I don't think it's an issue but next time you're around a vape store get them to check it out. I really can't say without looking at it but the fire button lights up when you push it.

Reactions: Like 1


----------



## Timwis (9/1/18)

Ruwaid said:


> so i shouldnt worry bud? Yeah cos it only happens when firing up actually.


If it's not a spark and no burning smell can be detected i would concur with @Spyro but like Spyro said without seeing it can't be sure if you are still worried get it checked out.

Reactions: Agree 1


----------



## Ruwaid (9/1/18)

So a spark or burning smell would only relate to the coil @Timwis?
Thank you bud


----------



## Spyro (9/1/18)

Ruwaid said:


> So a spark or burning smell would only relate to the coil @Timwis?
> Thank you bud



No, it could mean failing internals. If you can taste burn then it's the coils. But I seem to doubt it. Try upload a video?

Reactions: Agree 1


----------



## Timwis (9/1/18)

Ruwaid said:


> So a spark or burning smell would only relate to the coil @Timwis?
> Thank you bud


No a spark or burning smell to do with the circuit board even those little stick type devices have a small PCB or battery issue. If there is no sparks or burning smell like @Spyro said it could just be light but without seeing it can't know. like i said if you are worried take it to someone who has more experience or vape shop they will be able to put your mind at rest or tell you it's RIP.

Reactions: Agree 1


----------



## Timwis (9/1/18)

Spyro said:


> No, it could mean failing internals. If you can taste burn then it's the coils. But I seem to doubt it. Try upload a video?

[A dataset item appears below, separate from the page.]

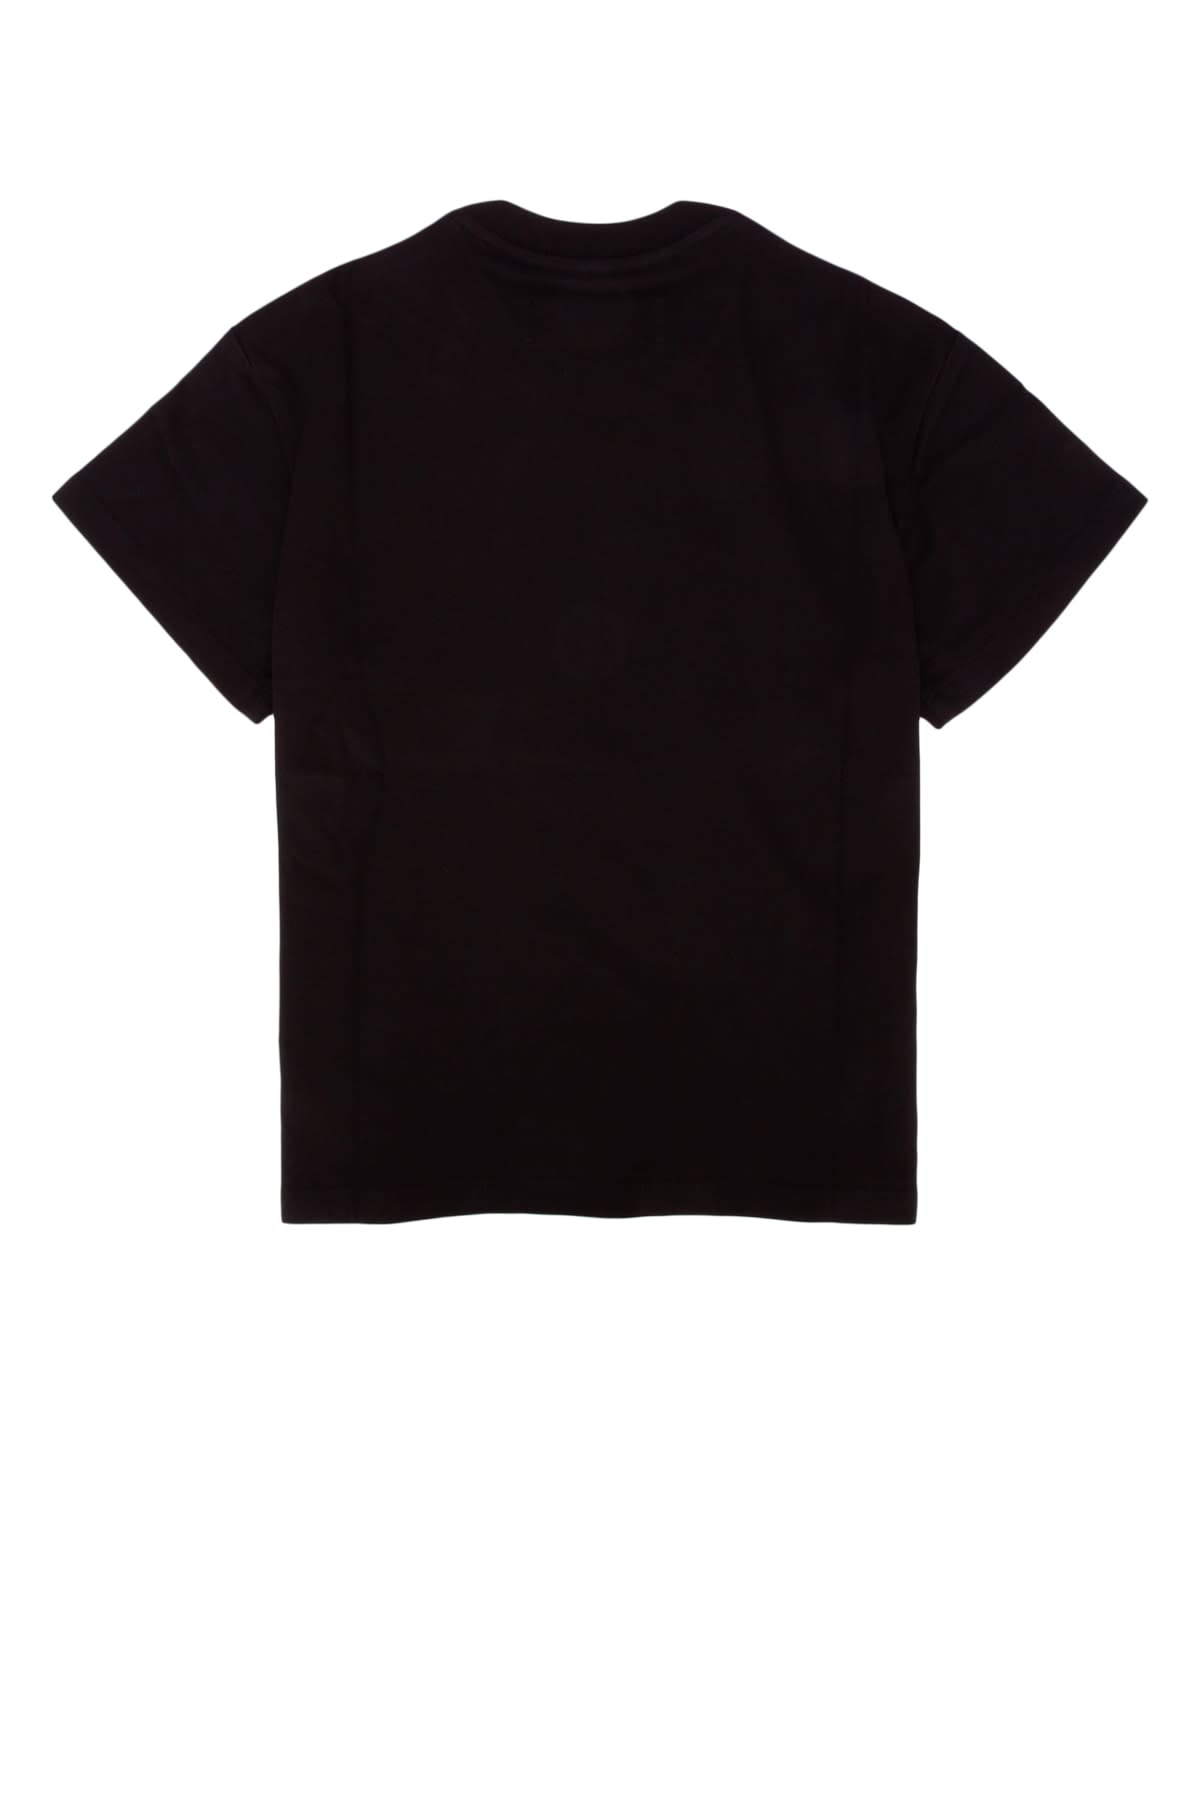 Amiri Kids' T-shirt In Black

Sorry i was writing my message when you must of posted wasn't trying to tread on your toes

Reactions: Funny 1


----------



## Muttaqeen (9/1/18)

As suggested it would be best to take it back to the store or attempt to upload a video... I had a pen style device a year or 2 back and the little LED used in the mod had moved which caused the same issue on my end however in your case it may be a different issue.

Reactions: Agree 2


----------



## Faiyaz Cheulkar (9/1/18)

Is this what u are talking about ?

Reactions: Winner 1


----------



## Ruwaid (10/1/18)

@Faiyaz Cheulkar thank you bud...thats exactly what im talking about. Is it just the LED thats shifted place?


----------



## IVapesDaNicotine (10/1/18)

The lights on those aren't all that strong, it might be the light im not sure... But if you don't get heat from that area it wont be fire, same goes for smell... no smell no circuit board burn. ive burnt through some circuits before the smell is sooo horrible. try screwing the parts together more tightly and see if its light leaking out then stop worrying. i tend to agree with @Spyro


----------



## Faiyaz Cheulkar (10/1/18)

Ruwaid said:


> @Faiyaz Cheulkar thank you bud...thats exactly what im talking about. Is it just the LED thats shifted place?



Yes it's just the led. But I don't think it's shifted, just poor design I guess. The gap is letting the light through. Don't worry there is no technical fault.


----------



## Ruwaid (10/1/18)

Shot thanks guys!!


----------